First, we got the second reading, based on more complete data, of real GDP growth for Q1, which came in at -0.2%. BEA said the slight improvement—the first print came in at -0.3%—reflected “an upward revision to investment that was partly offset by a downward revision to consumer spending.”
The slight contraction in the first and second prints were due to an historically unprecedented downward spike in the trade balance (imports are a subtraction to GDP, necessary in order to net out foreign, as opposed to domestic—the D in GDP—purchases), which came in even a bit larger in today’s update (it went from taking 4.8 ppts off of the growth rate to 4.9 ppts due to a markup in imports not offset by a smaller markup in exports):
As with the advanced report, it would be a mistake to overreact to the negative topline number, as this is clearly not an economy hitting the wall. Instead, it’s a bunch of importing businesses trying to front-run the tariffs, which are a holy mess as of this (great) court decision I wrote about earlier today. If you take out the trade balance and a relatedly noisy category—inventories—you get GDP growing at 2% (down from 2.3% in the first print—this measure is final sales of domestic purchases: consumer spending, non-inventory investment, gov’t spending).
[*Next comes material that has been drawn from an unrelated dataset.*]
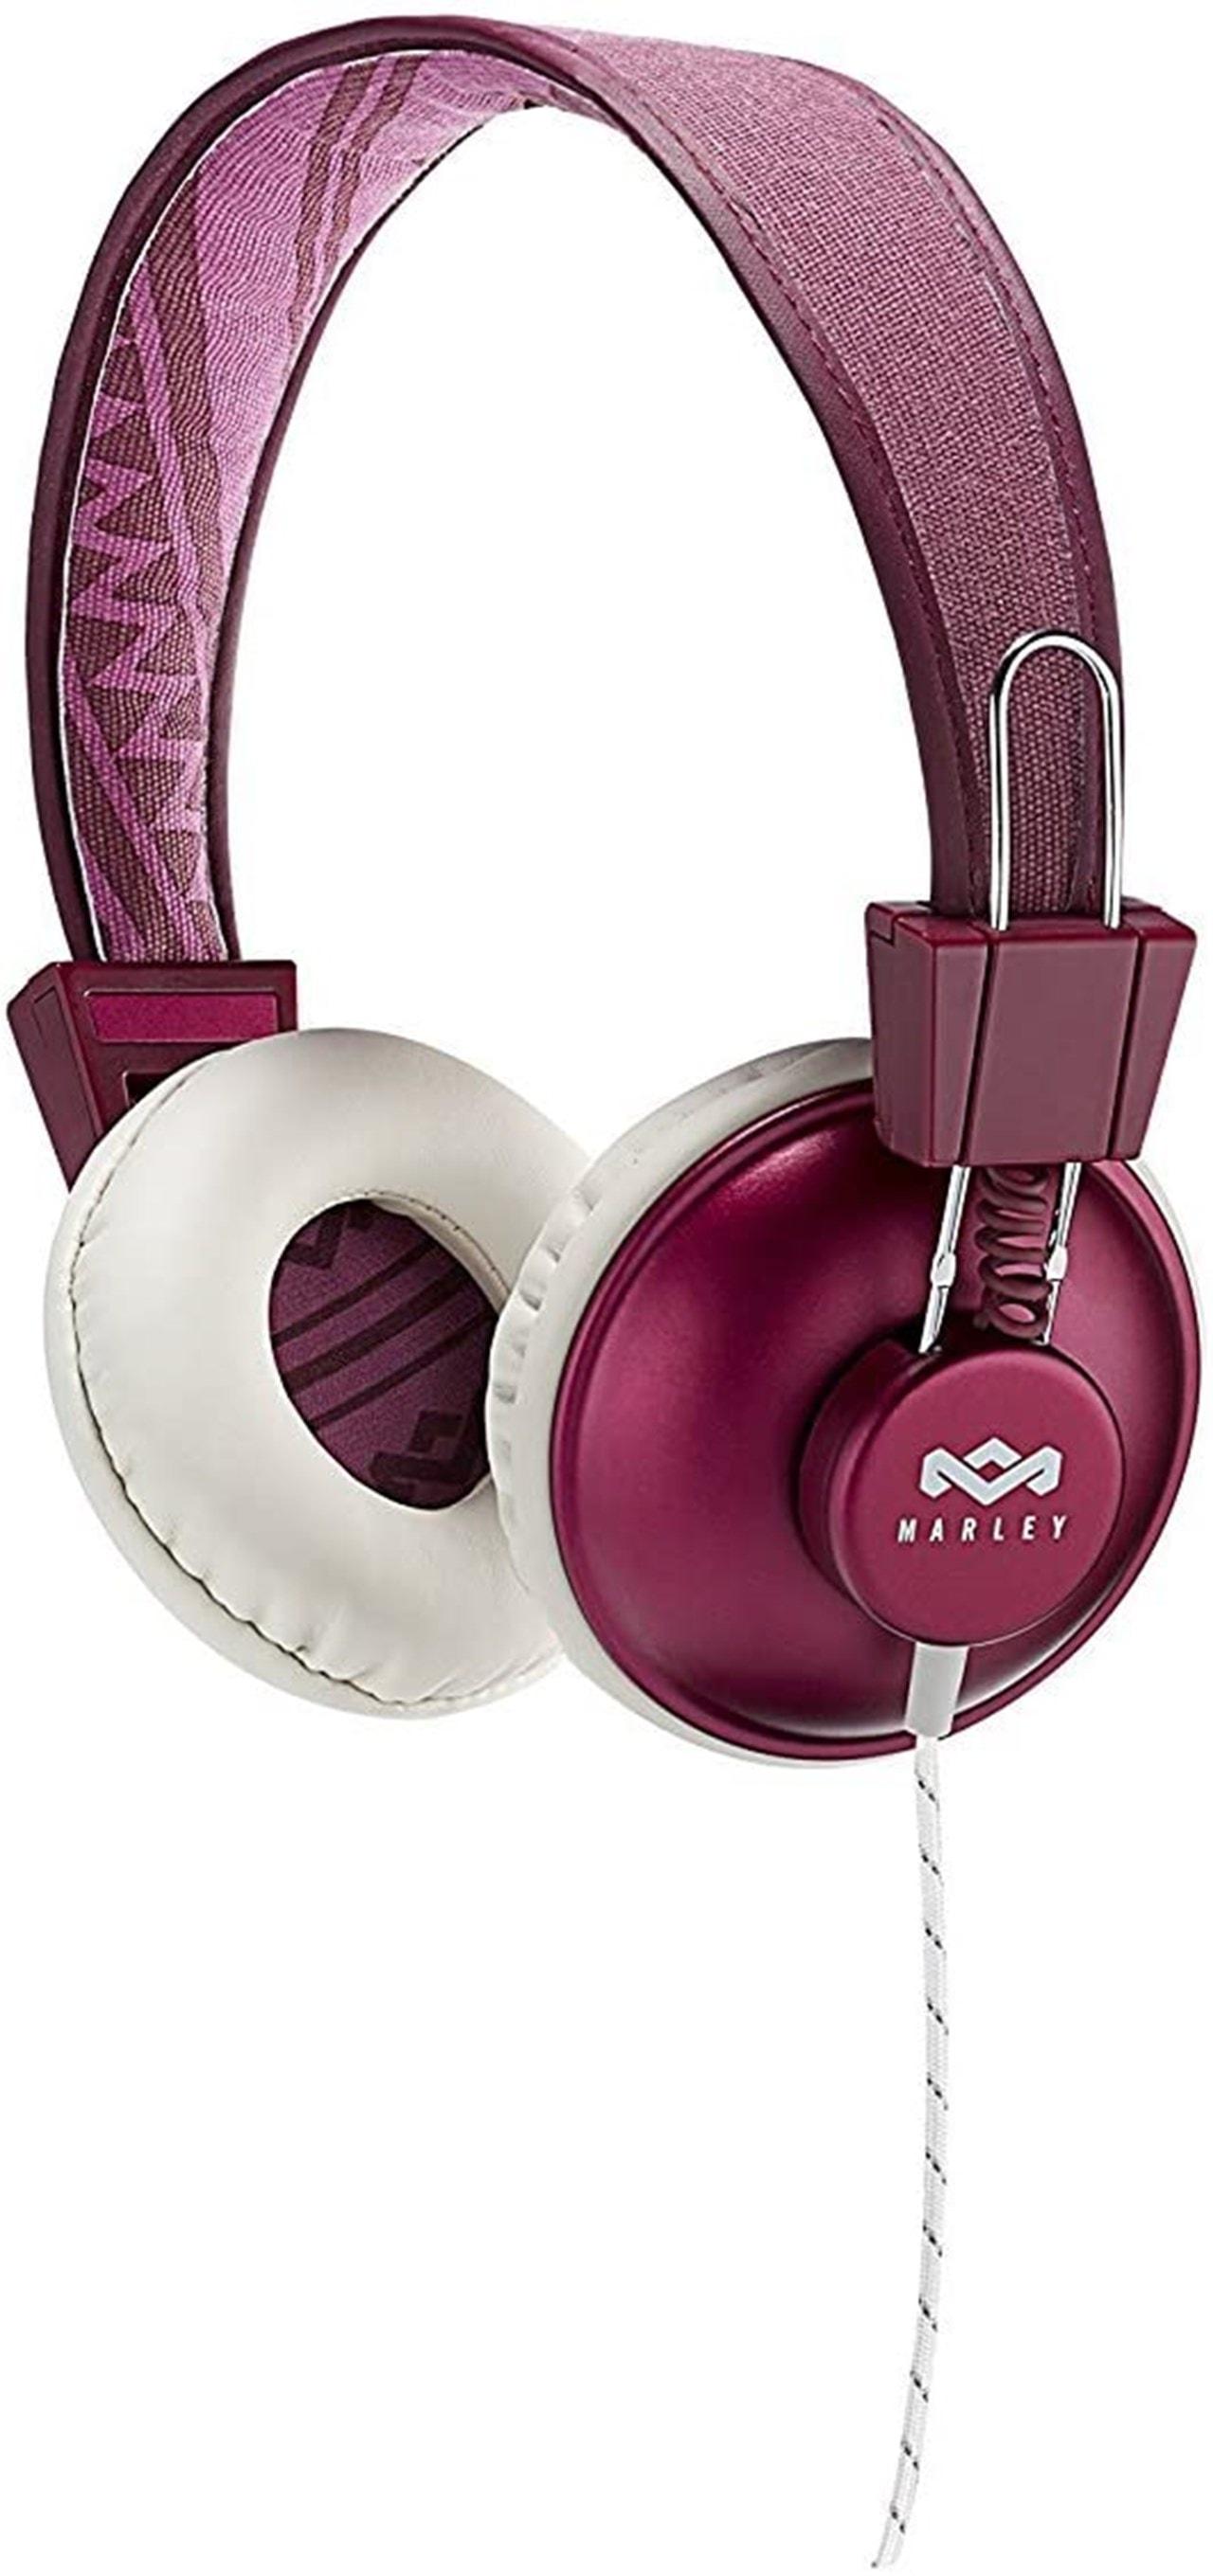 House Of Marley Positive Vibration Purple Headphones W/Mic (hmv Exclusive) - 1

But here’s the thing that caught my eye that I didn’t like so much. The growth rate of real consumer spending was marked down from an already meh 1.8% to 1.2%, a pretty big markdown for this sort of thing. Here are the real, annualized ‘25Q1 growth rates for the 1st and 2nd prints. Both goods and services spending were marked down a good bit. And to put that 1.2% in context, note that from ‘22-’24, the average real spending growth rate was 2.6%.
Ok, caveat time. One quarter, and a somewhat weird one, doesn’t make a new trend. The labor market is still solid and in recent years, the combination of full employment, falling inflation, and rising real wages has supported strong consumer spending, which represents almost 70% of U.S. GDP. But this, in fact, is why this soggy number caught my attention: if real spending stumbles, we’ve got a problem.
Which is why this figure from Guy Berger, my go-to guy on Thurs AM when the Unemployment Insurance claims data come out, caught my attention. Guy tweeted that “Continuing claims really does [I would have said “do”] look like a modest deterioration relative to benchmark - this week's print was about 32K above it.”
Back to caveats, until we see a bone fide increase in layoffs in both the initial UI claims and in the monthly job reports, I’m not going to over-torque on this. But my sense is that there’s potentially some softening of the job-market-consumer-spending nexus that has been at the core of solid U.S. macroeconomic growth for the last few years.
Another really insightful set of comments i just dont find elsewhere. Thank you!!
I know it’s wonky, but I think you should explain more clearly why it makes sense in this case to look beneath the trade balance and the change in inventories. The GDP calculation is, in the end, an attempt to measure domestic production. A surge in imports shouldn’t affect that calculation in principle; it should show up mostly as an increase in inventories. Since those are hard to measure, it is quite likely that the drop in real GDP reflects imperfect alignment between two variables (imports and inventories) that are both hard to measure.